According to USA Today, First Lady Michelle Obama and Vice President Joe Biden are also scheduled to attend the funeral service.

Rev. Clementa Pickney was gunned down at the historic black church along with eight other members in a vicious hate crime last week. White supremacist Dylann Roof was charged with nine counts of murder for slaying church goers at a Bible study session.

Obama said that America needs to continue to find ways to prevent mass shootings like the one that took place on Wednesday. He says there needs to be new measures that aim to keep guns away from dangerous people.

"It's not enough for us to express sympathy. We have to take action," Obama said over the weekend.

The president also addressed race relations in America following the Charleston shooting during a "WTF with Marc Maron" interview, CNN reports.

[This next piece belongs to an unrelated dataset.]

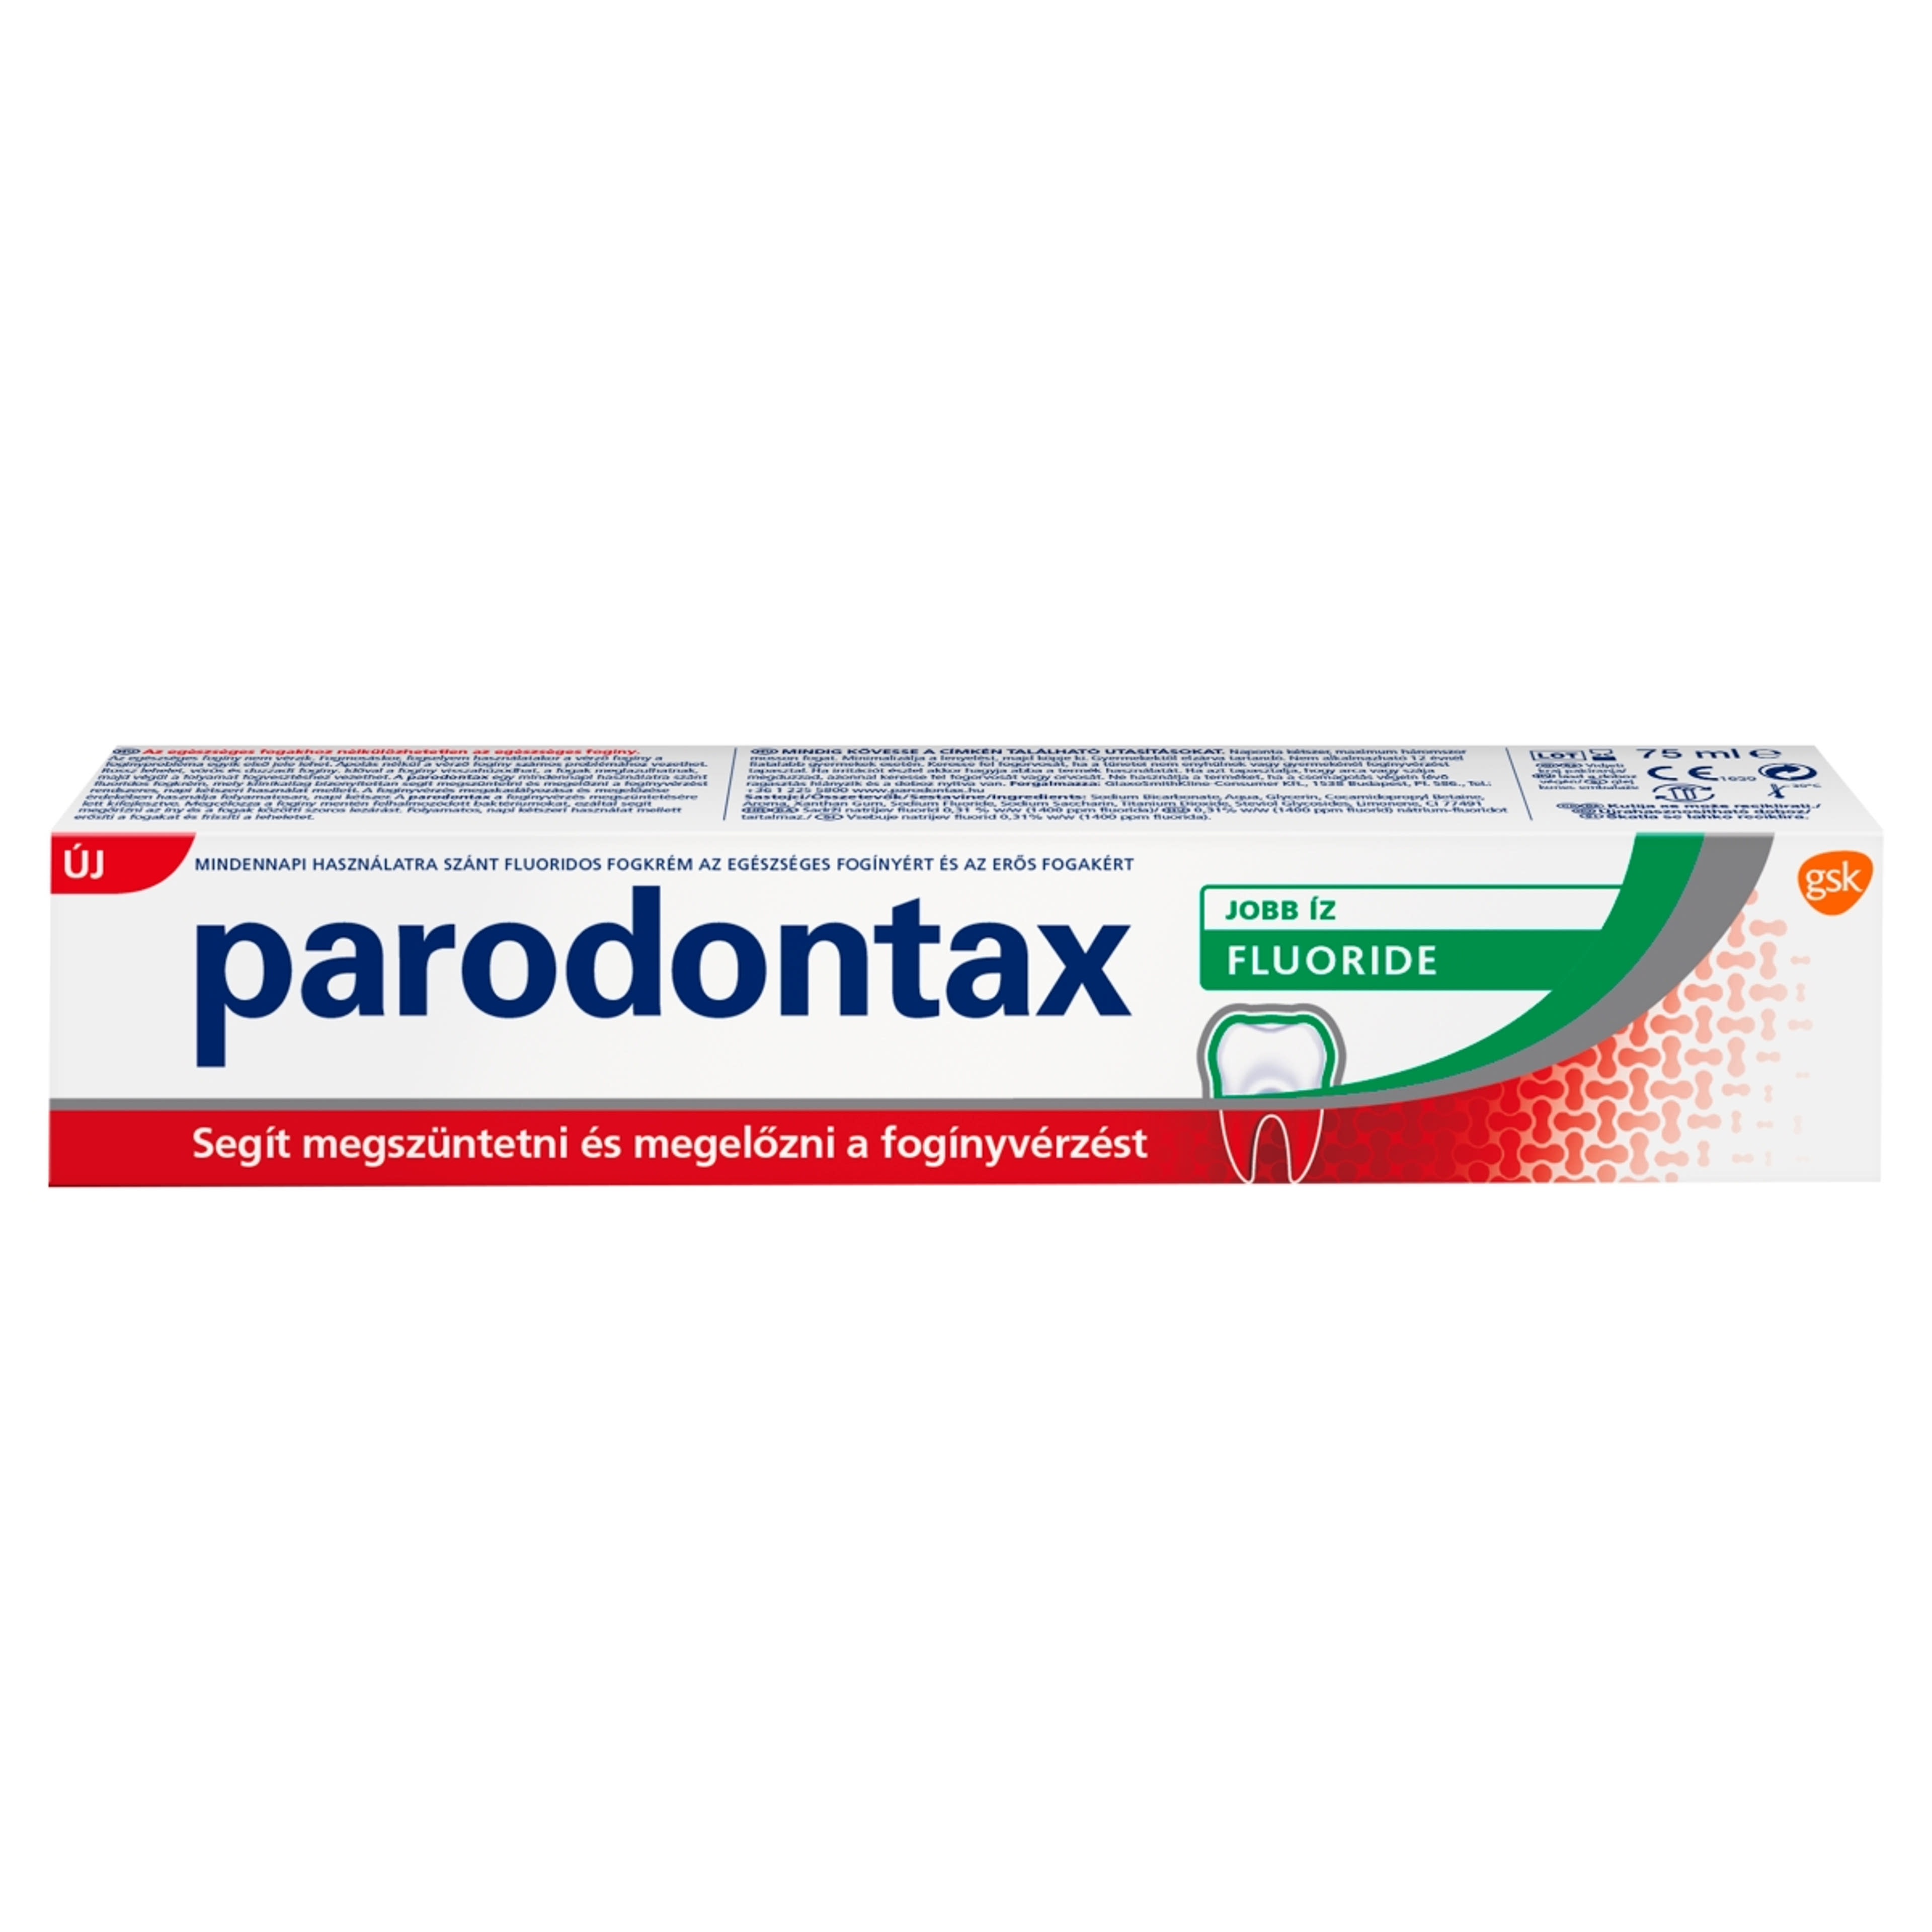 Parodontax Flouride fogkrém - 75 ml-1

"Racism, we are not cured of it. And it's not just a matter of it not being polite to say n****r in public," Obama said. "That's not the measure of whether racism still exists or not. It's not just a matter of overt discrimination. Societies don't, overnight, completely erase everything that happened 200 to 300 years prior."

Obama and other politicians including 2016 presidential candidate Hillary Clinton are addressing race issues in America stating that the confederate flag needs to be taking down from State House grounds.

And while thousands of people mourn the deaths of innocent black people in South Carolina, others are calling their killer a "victim," ABC News reports.

"Dylan [sic] Roof is a victim in regards to he was a white man born to a society that actively hates him and hates his people, hates his culture and his identity," said college educated white separatist Matt Heimbach. "There is a culture war being waged. There is a war on the streets against whites."

Heimbach does not condone mass shootings against black groups but does believe America would be better off if it went back to segregation.

There are no further details on Obama's trip to South Carolina on Friday.